When combined, these adaptations meant that Oral Histories and Futures were a really useful technique in the project by which to detail and document reproductive lives. Reproduction is often a wide-ranging topic, connecting relational, financial, emotional, material, social and environmental issues, from personal decisions to national policy and changes across place and context. This method allowed participants to talk about their experiences in ways that were meaningful to them, embedded and emplaced in their past, present and prospective life-courses.
For example, one resounding finding that emerged was around the carrying of different possible reproductive futures in tandem. Experiences of participants often coalesced around dealing with the weight and effects of the future as a form of emotional labour. Participants spoke about a distinct labour in holding reproductive possibilities together, in conjunction, knowing full well that not all can be seen through. They were simultaneously regulating their own and others’ feelings about possible reproductive futures. These labours are often what drove them and their imaginative futures forwards. These possibilities were also tied to the security of housing, jobs, relationships and so on.

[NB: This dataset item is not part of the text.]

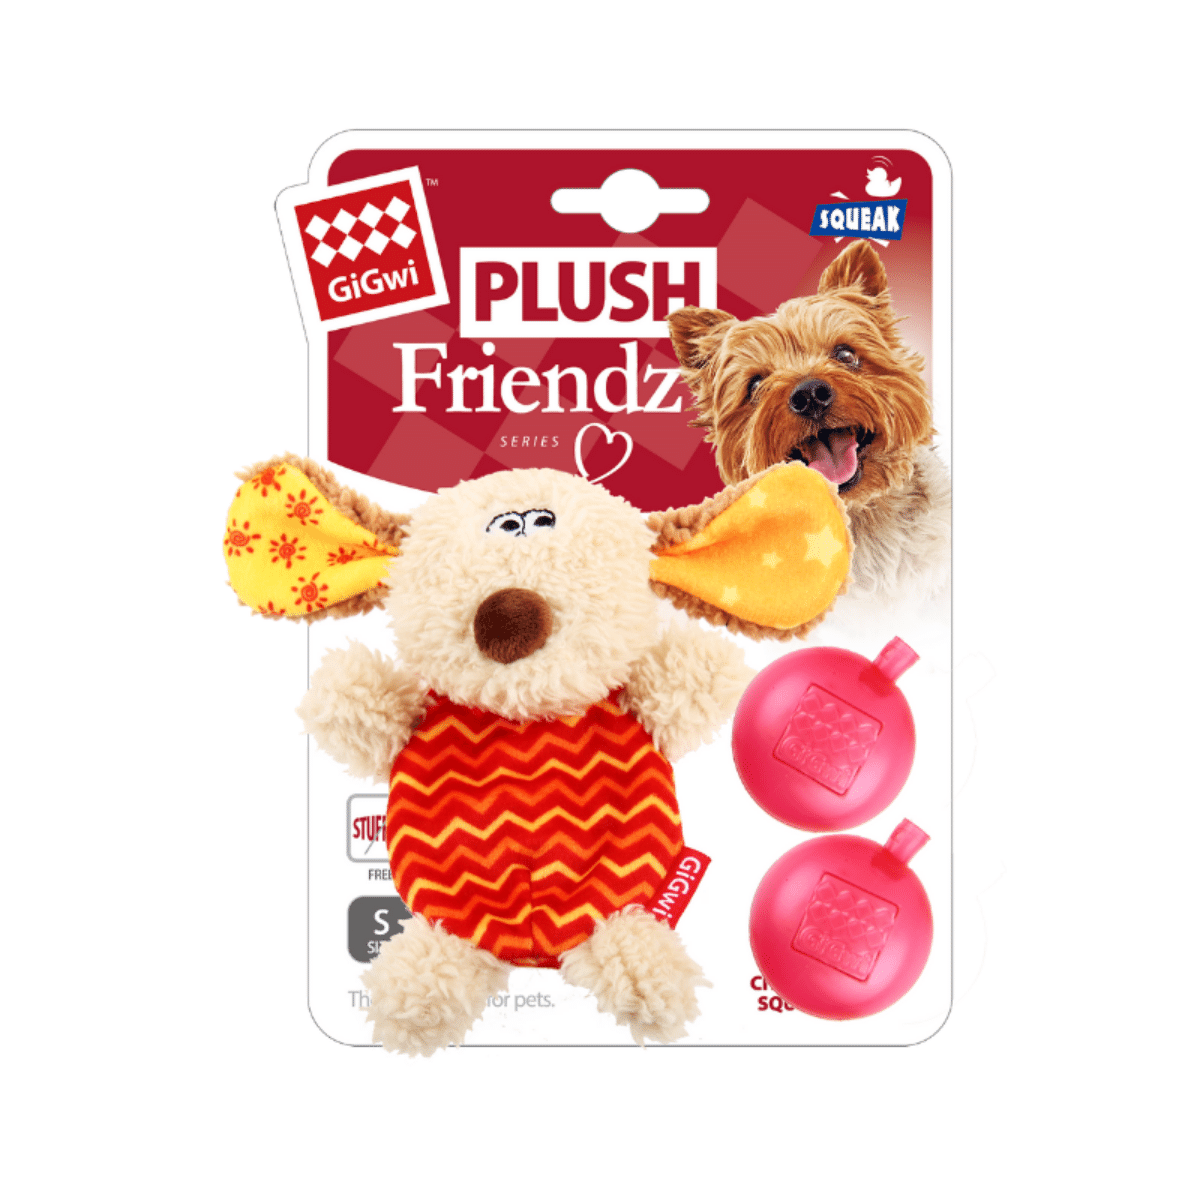 GiGwi Plush Friendz Dog with Refillable Squeaker

It is because of the rich findings the Oral Histories and Futures interviews elicited that I plan to extend their use into my current UKRI-funded research looking at the impacts of austerity on young people’s life-courses (especially in terms of employment, housing and reproduction) in three European contexts. The plan is also to train practitioners, policy-makers and project partners in using this creative tool. Likewise, I hope readers will consider using this technique in their research on reproductive lives.